Another positive sign is the introduction of sex education in Tulsa-area schools earlier this year with very little backlash, or even ordinary debate for that matter. Four area school districts offered the evidence-based program to students with parental permission, and there’s hardly been a peep from parents.
June believes the abstinence-only movement now falling out of favor unintentionally served to “bolster local concerns and start a conversation that didn’t exist before.” That “conversation” helped pave the way for the relatively uneventful inauguration of sex education here.
Planned Parenthood staff in Oklahoma also were pleasantly surprised when a whopping 33 measures of interest to them got whittled down to only three in the last legislative session. And, three court decisions — two declaring new abortion laws unconstitutional and a third declaring a personhood initiative petition unconstitutional — also give them cause for hope. Oklahoma lobbyists hope to make headway next session on more productive measures such as the adoption of comprehensive sexuality education in public schools and access to emergency contraception in emergency rooms.
But for every positive, hopeful sign, there are many more that give June cause for continued concern. When the new Congress took office after the midterm elections, Planned Parenthood funding was among its first targets.
“Cookie-cutter legislation” inspired in part by Congress’ attacks “started rolling through the states,” picking up steam in places like Oklahoma and Texas. Former presidential candidate Rick Perry took on the cause and kept fanning the flames. Rush Limbaugh brought the debate to a new low by referring to a woman advocating contraception access by a vulgar term. Presumptive GOP presidential nominee Mitt Romney famously declared, “Planned Parenthood, we’re going to get rid of that,” later explaining he was referring to the agency’s federal family planning funding.
And while Oklahoma’s judges have shown remarkable courage and professionalism in deciding reproductive-health issues, the fact remains that controversial decisions are not without repercussions. June points to the experience of three Iowa Supreme Court justices who were among the unanimous majority ruling in favor of gay marriage in that state in 2009. The three, including the chief justice, were up for retention in the fall of 2010.

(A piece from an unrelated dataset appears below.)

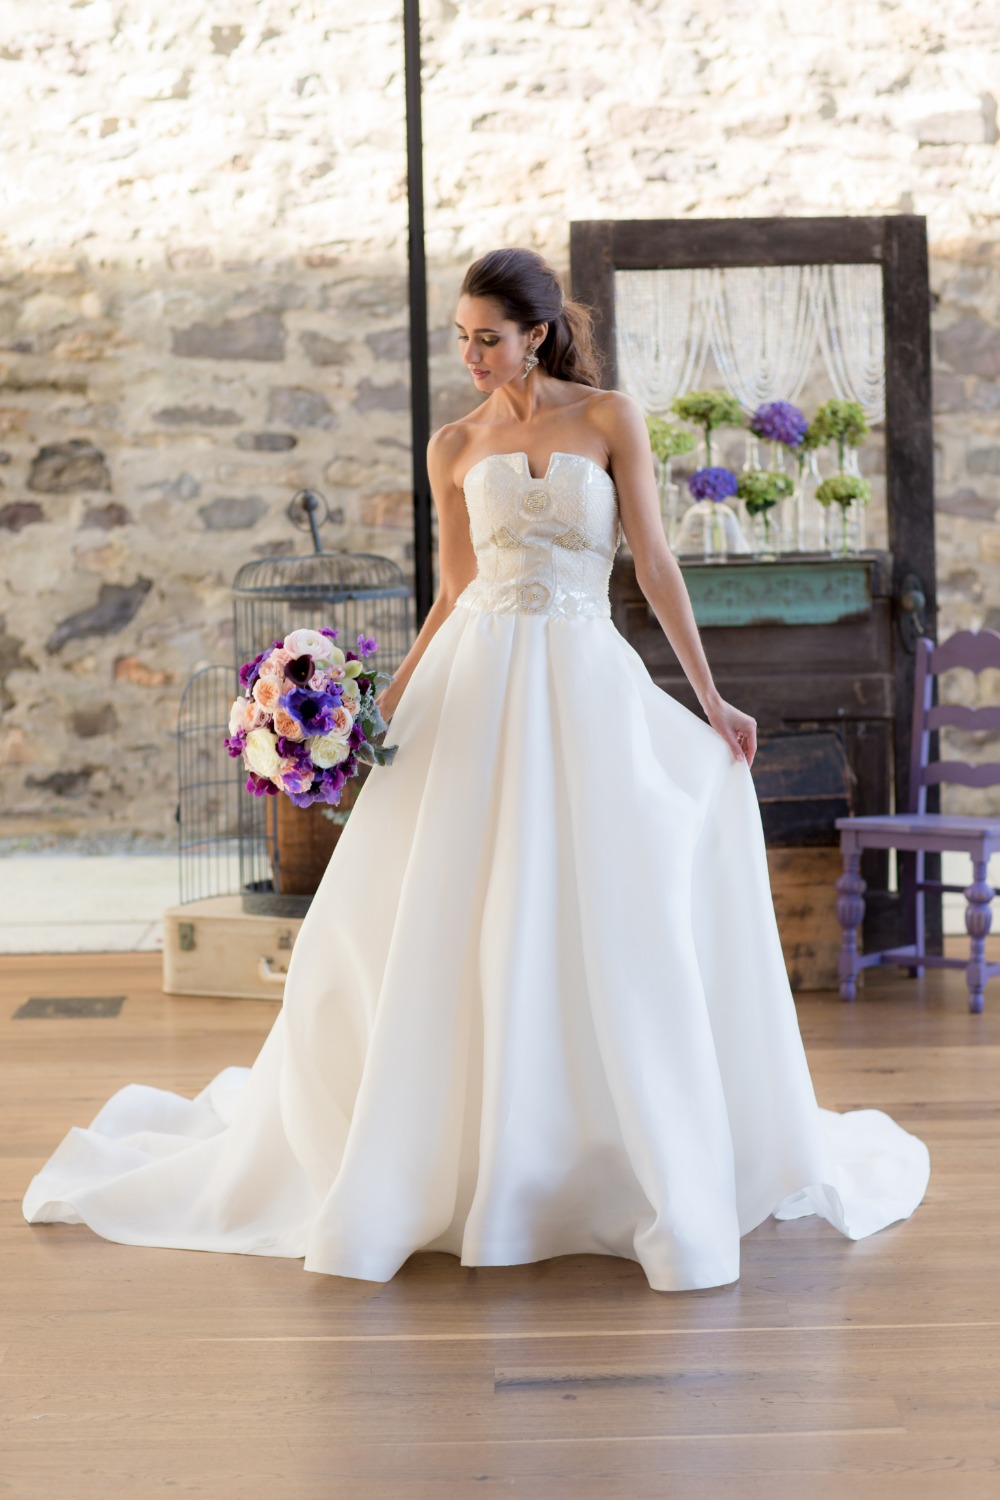 Sequin top wedding dress

“We were carpet-bombed by advertisements,” recalled June, referring to outside forces that targeted the judges. The advertisements were so effective “there was a two-hour line to vote” in that election. In the end, the three judges were voted out of office. It was the first time since 1962, when the retention system was adopted, that a high court judge had not been retained.
If the antipathy towards family planning and reproductive rights grows, “what does that get us?”
“It (family planning) makes such good economic sense. For every dollar spent on family planning, $4 is saved the very year you spend it,” said June. “It’s a very smart thing to do economically. It’s a smart thing to do to alleviate human suffering. So why is it a political football?”